WORK TO BE COMPLETED - Transcribe only part of the material below: the lines from the one containing "Photo of suspicious" through the one containing "Salome Idea Skeleton", inclusive, exactly as written.

DATA -

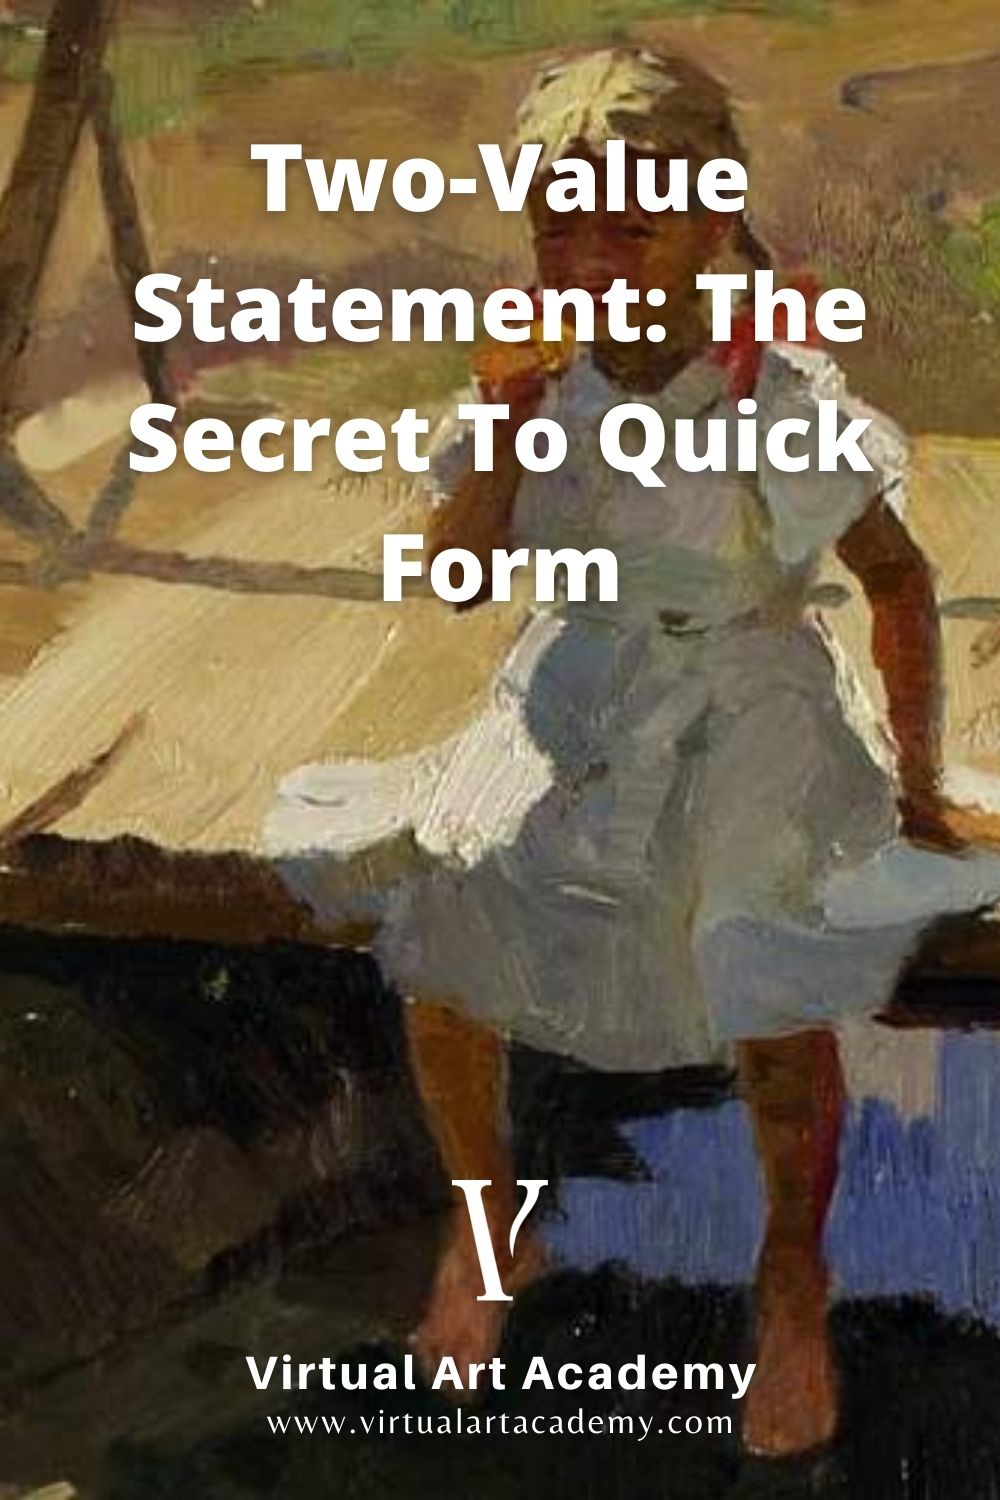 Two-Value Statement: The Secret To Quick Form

* * *

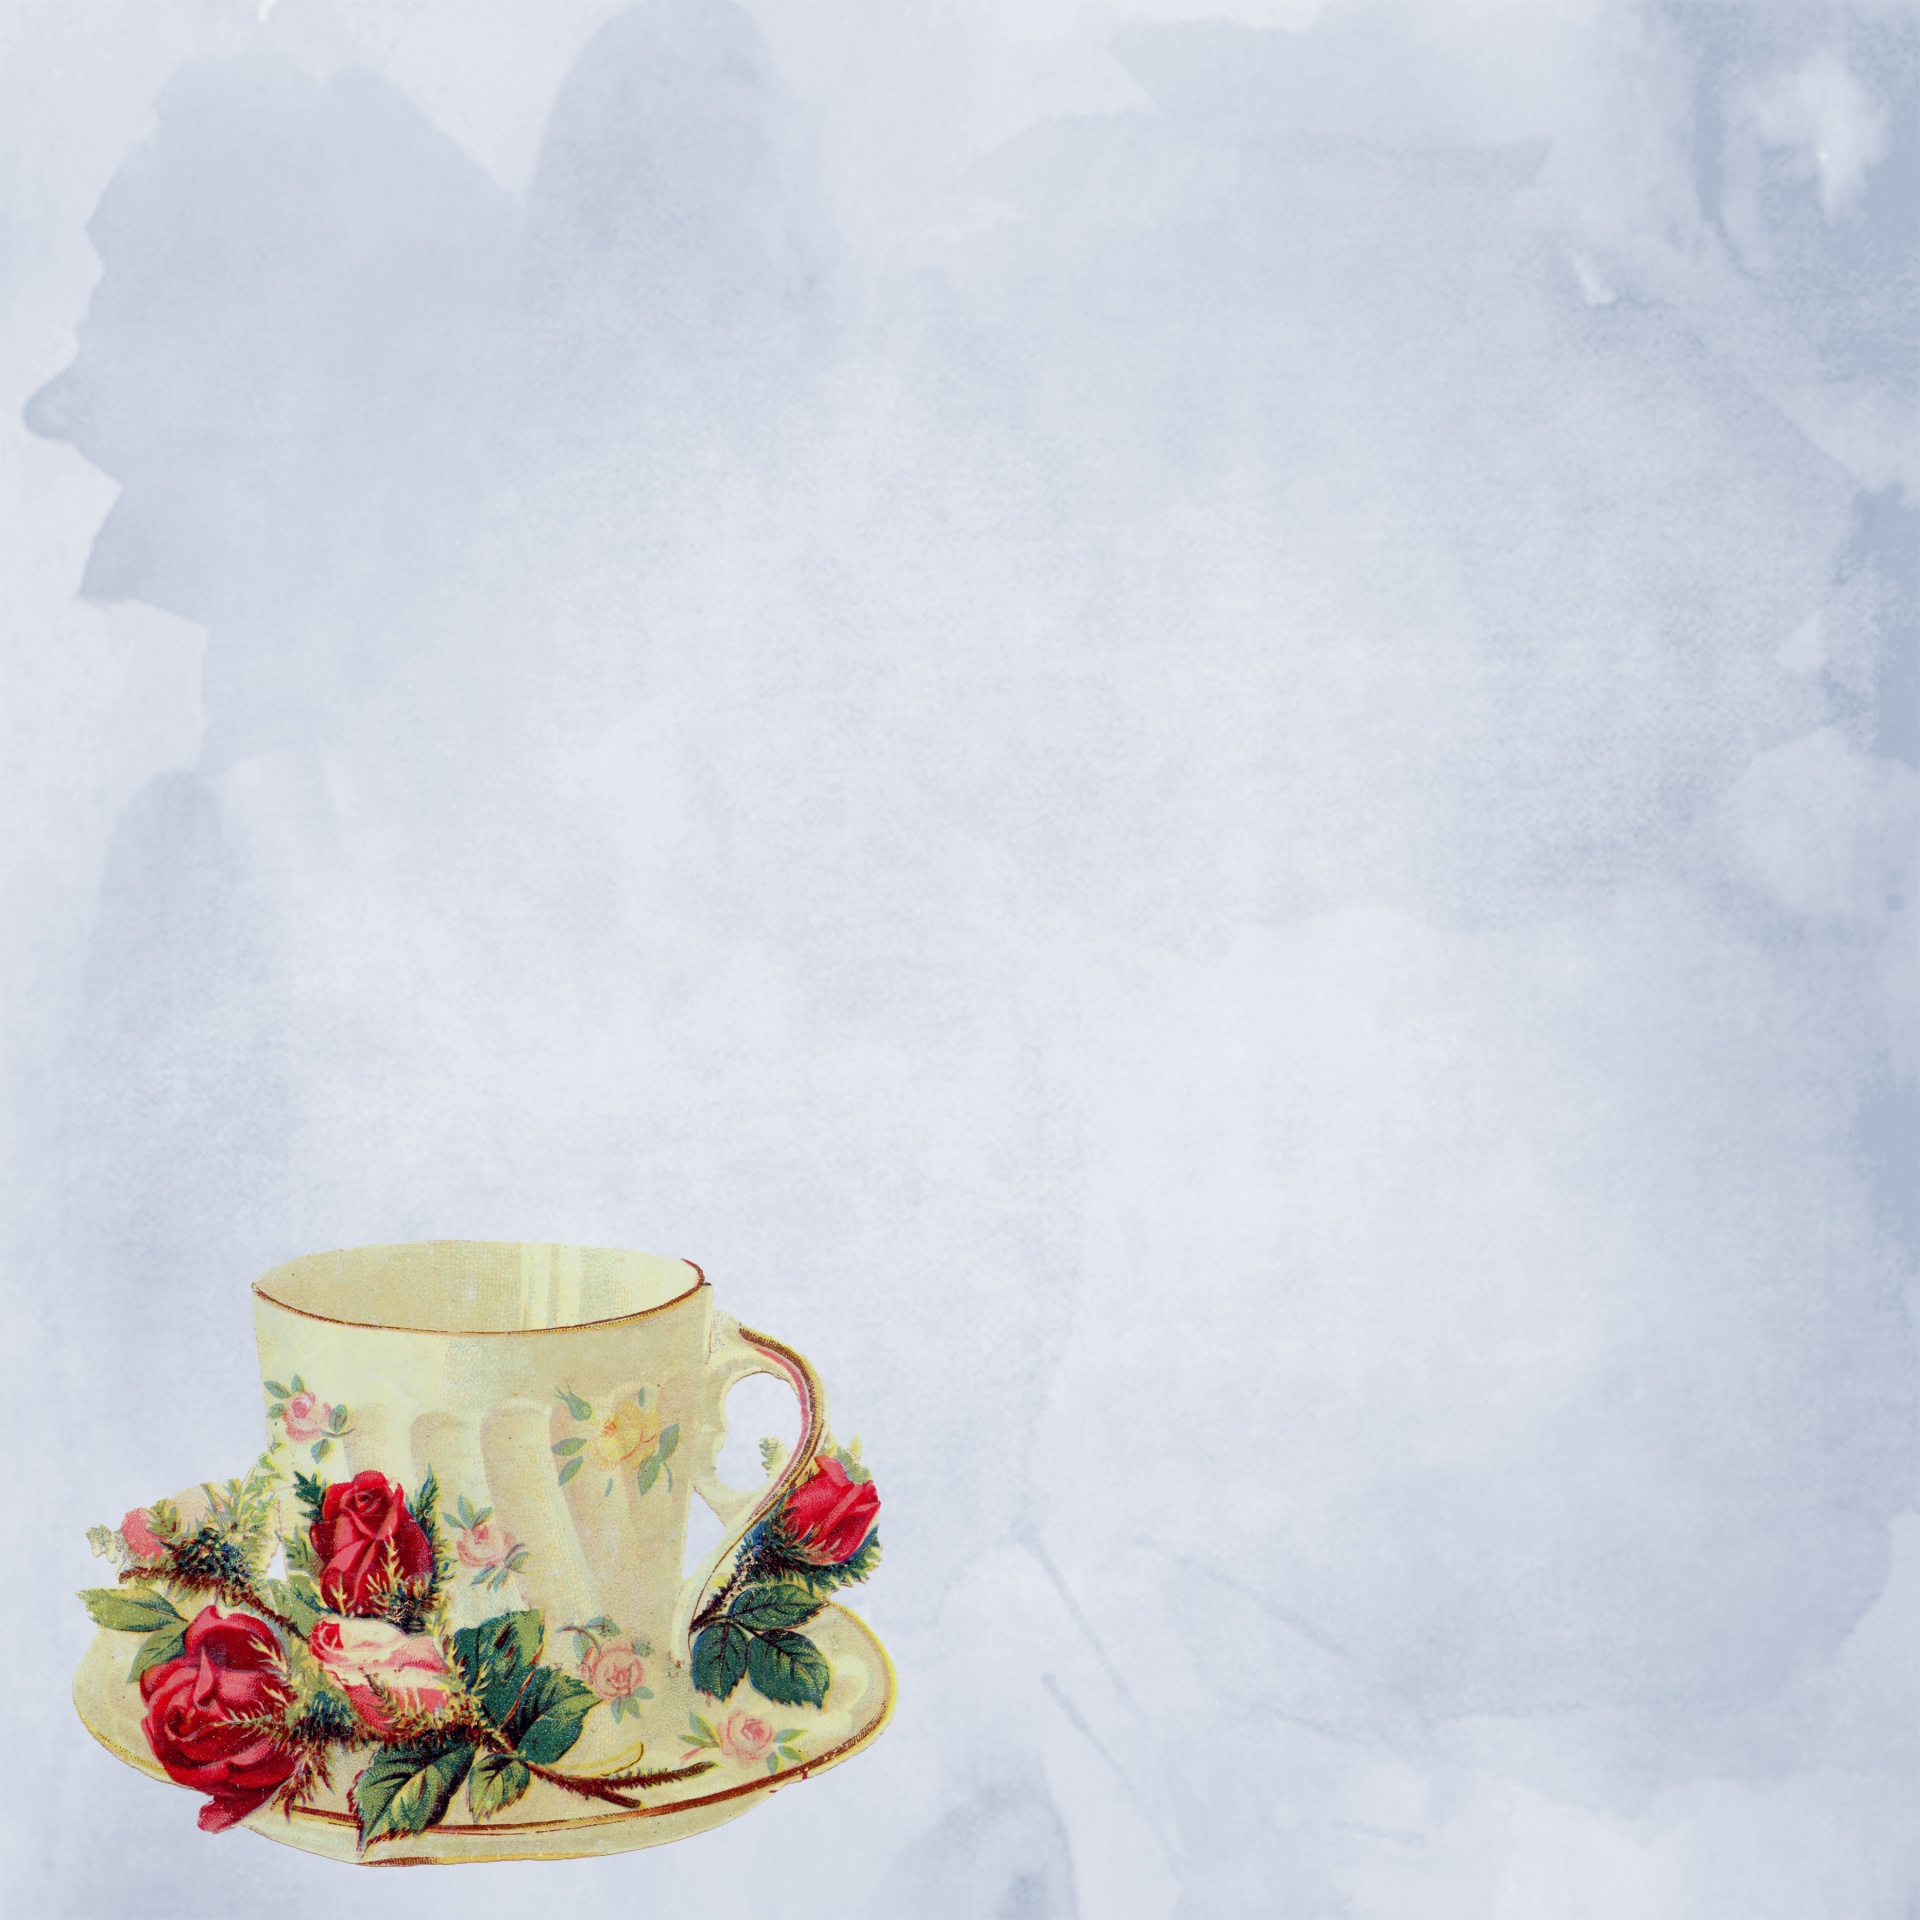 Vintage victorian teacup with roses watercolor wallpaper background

--

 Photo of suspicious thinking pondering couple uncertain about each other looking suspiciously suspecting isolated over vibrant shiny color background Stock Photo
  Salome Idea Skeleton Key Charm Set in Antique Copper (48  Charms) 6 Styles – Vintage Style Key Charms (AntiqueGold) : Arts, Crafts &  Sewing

SOLUTION TO THIS PROBLEM -
 Photo of suspicious thinking pondering couple uncertain about each other looking suspiciously suspecting isolated over vibrant shiny color background Stock Photo
  Salome Idea Skeleton Key Charm Set in Antique Copper (48  Charms) 6 Styles – Vintage Style Key Charms (AntiqueGold) : Arts, Crafts &  Sewing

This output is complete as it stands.